Your assignment: Your answer must be an exact copy of the data below, minus any pictures.

Information supplied:

== Segment start ==

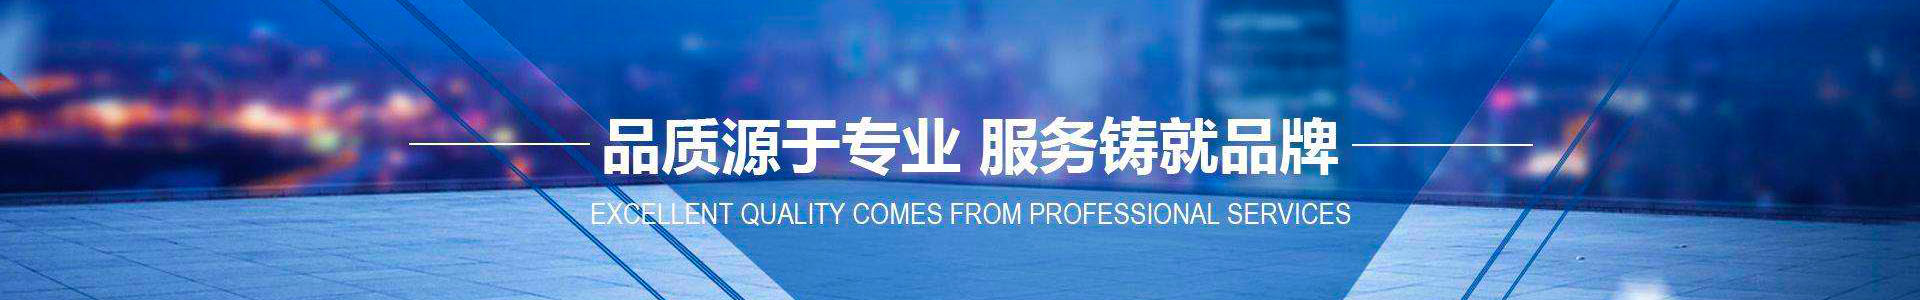 公司简介-滨州市全网担保网自动化设备有限公司
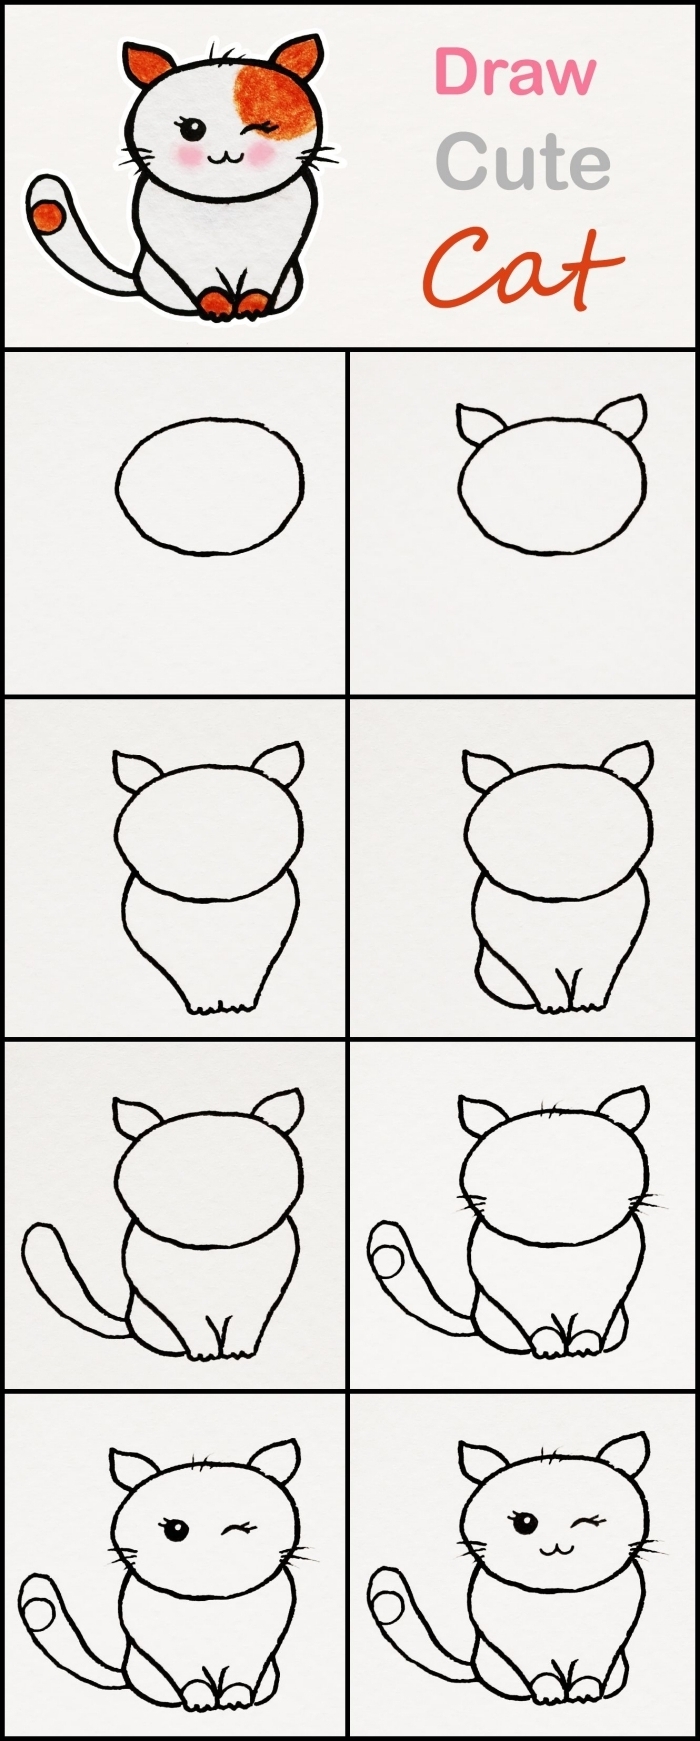 pas à pas pour réaliser un dessin de chat mignon facile avec les enfants, tuto dessin au crayon avec formes géométriques
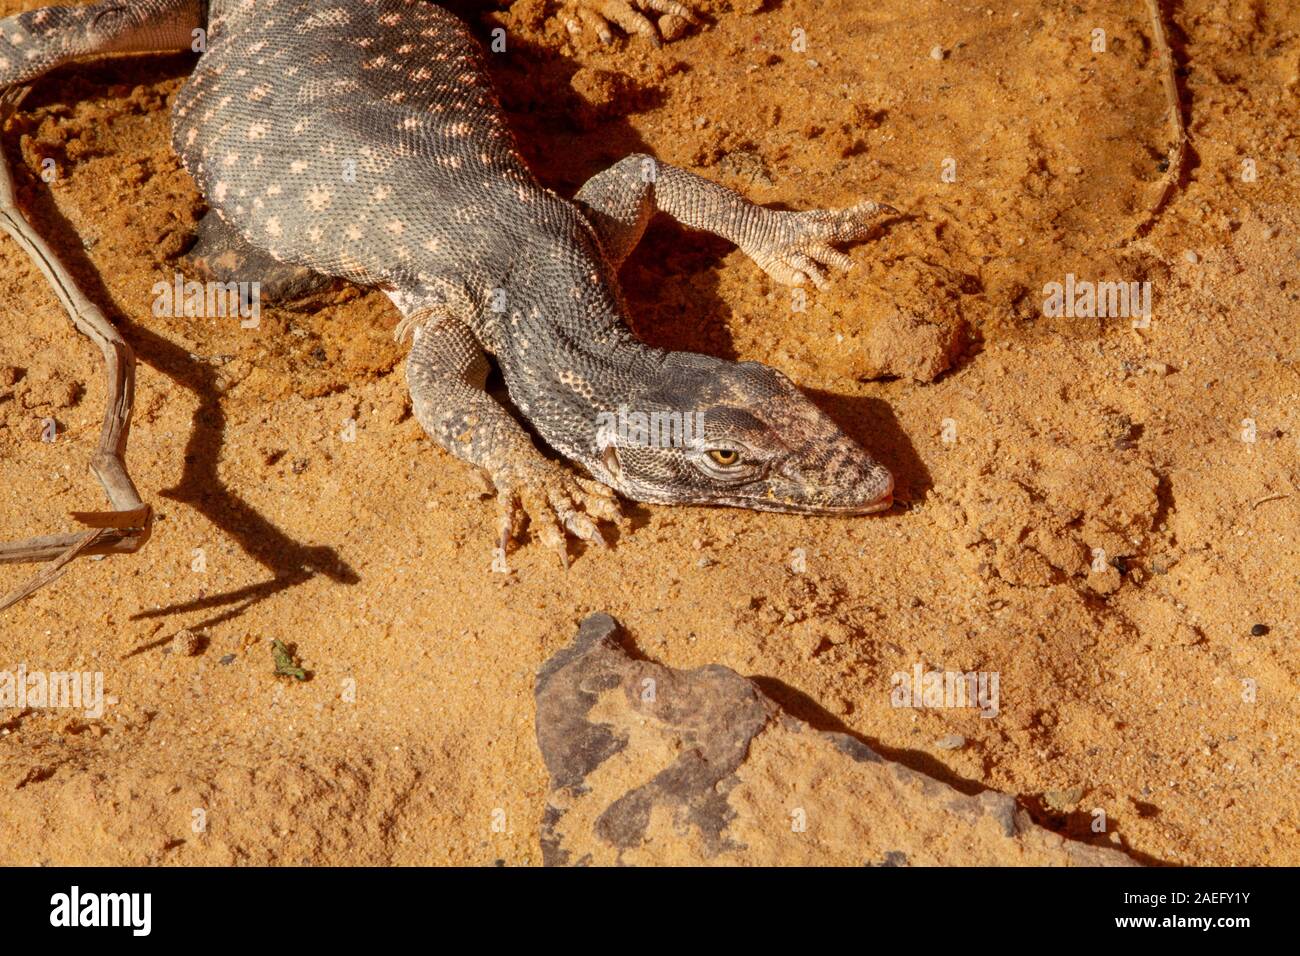 Moniteur du désert (Varanus griseus). une espèce de lézards de l'ordre Squamata trouvés dans toute l'Afrique du Nord et l'Asie centrale et du Sud. Banque D'Images

== Segment end ==

Written reply:
 公司简介-滨州市全网担保网自动化设备有限公司
 pas à pas pour réaliser un dessin de chat mignon facile avec les enfants, tuto dessin au crayon avec formes géométriques
 Moniteur du désert (Varanus griseus). une espèce de lézards de l'ordre Squamata trouvés dans toute l'Afrique du Nord et l'Asie centrale et du Sud. Banque D'Images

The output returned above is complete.